Simon, who is legally blind and has never driven a car, received an undergraduate degree from Mills College in 2017, and later earned a Masters of Public Administration from the University of San Francisco in 2022.

She was easily re-elected to the board in 2020, 64-36 percent. In 2022, Simon was briefly removed from the BART board because she moved just outside of her district — a law firm later found her removal unfounded and she was reinstated.

Also in 2022, she became the president of the Meadow Fund, a philanthropic venture funded by Patty Quillin, the wife of billionaire Netflix founder Reed Hastings.

Simon’s longtime consulting team is helmed by Bearstar Strategies, whose lead partner Ace Smith is also a top adviser to Newsom.

Most of the other obvious potential candidates quickly took themselves out of the running. State Assemblywomen Mia Bonta and Buffy Wicks have both endorsed Simon, as have state Sen. Nancy Skinner and former Oakland Mayor Libby Schaaf. Berkeley Mayor Jesse Arreguin and Oakland Councilman Dan Kalb are running for state Senate.

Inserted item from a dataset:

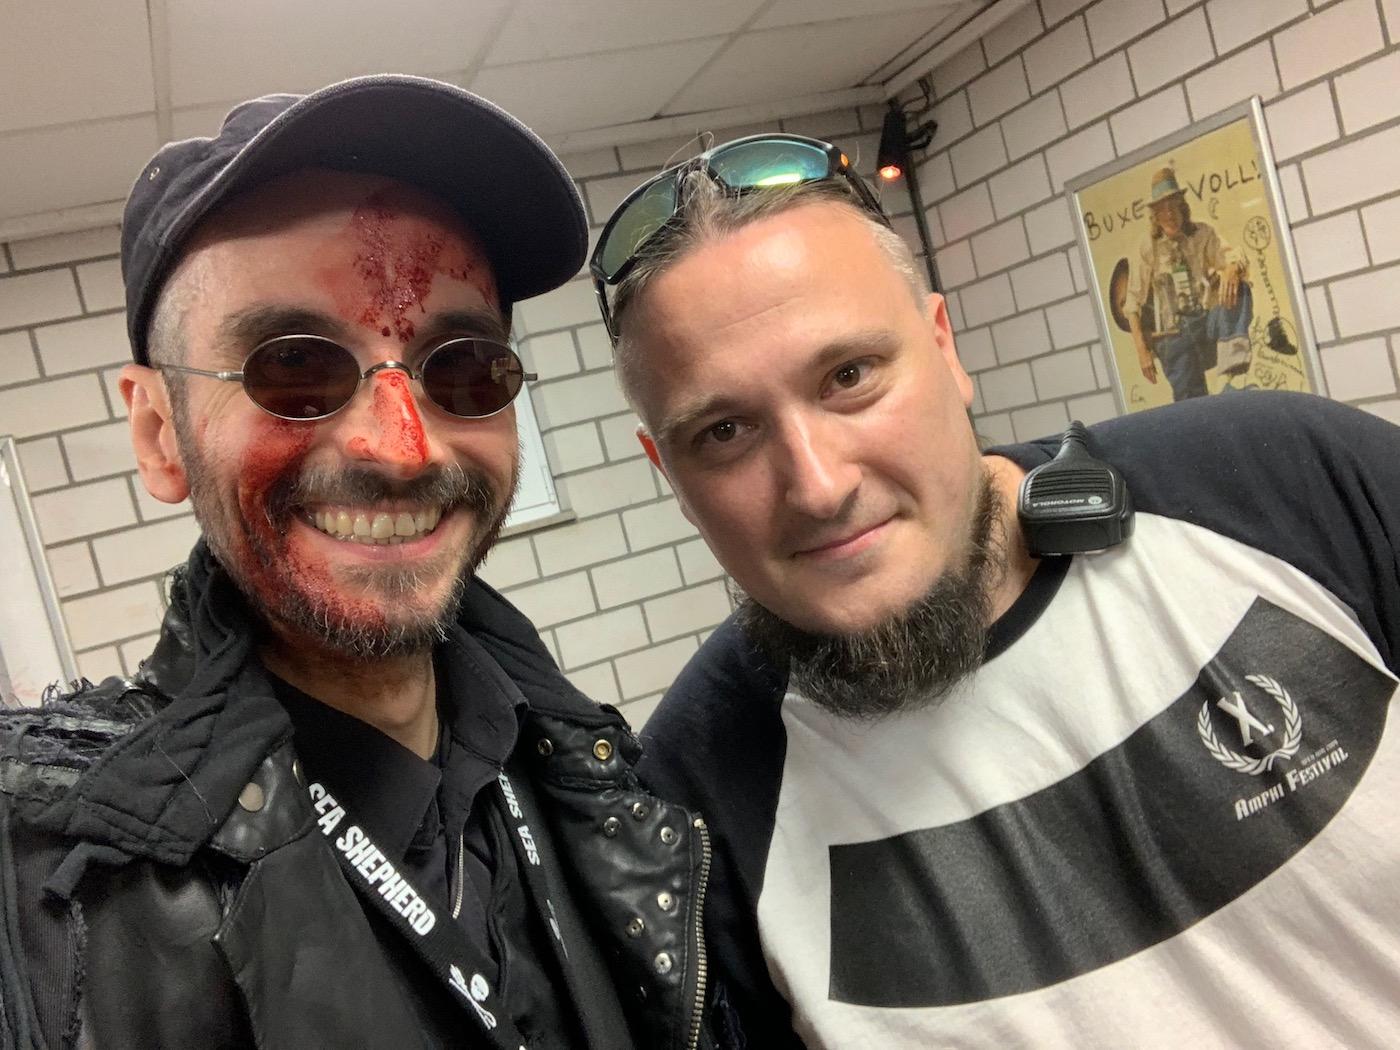 mark_benecke_amphi_festival_koeln_2019 - 210.jpg

The most notable politician to keep his name in the mix is former Oakland City Councilman Loren Taylor, who told the San Francisco Chronicle in January that he was "still evaluating different options and... not closing the door" on a bid.

Taylor, 45, narrowly lost the 2022 Oakland mayoral race to Sheng Thao, 50.3-49.7 percent. The Oakland native and Case Western (1999), University of Connecticut (MS, 2001), and Berkeley (MBA, 2005) graduate had the support of many local mayors in that race including Schaaf, San Francisco’s London Breed, and San Jose’s Sam Liccardo but fell just a few hundred votes short. 

Taylor, a management consultant, expressed interest in running to succeed Lee but has not spoken about his plans since Simon entered the race.

How It Plays Out
Barring unexpected circumstances, Simon will make the general election in California’s top-two electoral system. Given how Democratic the district is, if there is another Democrat on the ballot, that person is likely to make the general election as well.

If Taylor does run, he would almost certainly make the general election as well, given his base of support in Oakland. 

But he would be a serious underdog in the general election against Simon, given her deep relationships with the local unions and organizing networks, the political power players in the state (up to and including the vice president), and her connections to some of the region’s wealthiest Democratic donors.

Simon announced that she had raised $140,000 in the first 24 hours of her campaign.

Simon would be one of Congress’s most progressive members, and has staked out positions on issues such as defunding the police that might make more moderate members of the Democratic caucus anxious. But that’s not necessarily a liability in this district. Lee is also one of the chamber’s most progressive members, famously breaking with all 434 other House members to vote against the Afghanistan War and receiving death threats for it. Before Lee, Dellums was the first self-described socialist to serve in Congress in the post-war era. 

Taylor, the former councilman, did recently make news for chastising Thao, the current mayor, for suspending Oakland’s police chief after a report detailing police misconduct was released, calling the decision “excessive.”

But the district is so Democratic, it’s not clear if there would be room for Taylor to run effectively to Simon’s right, and he can’t rely on the few  GOP voters to help him compile a majority.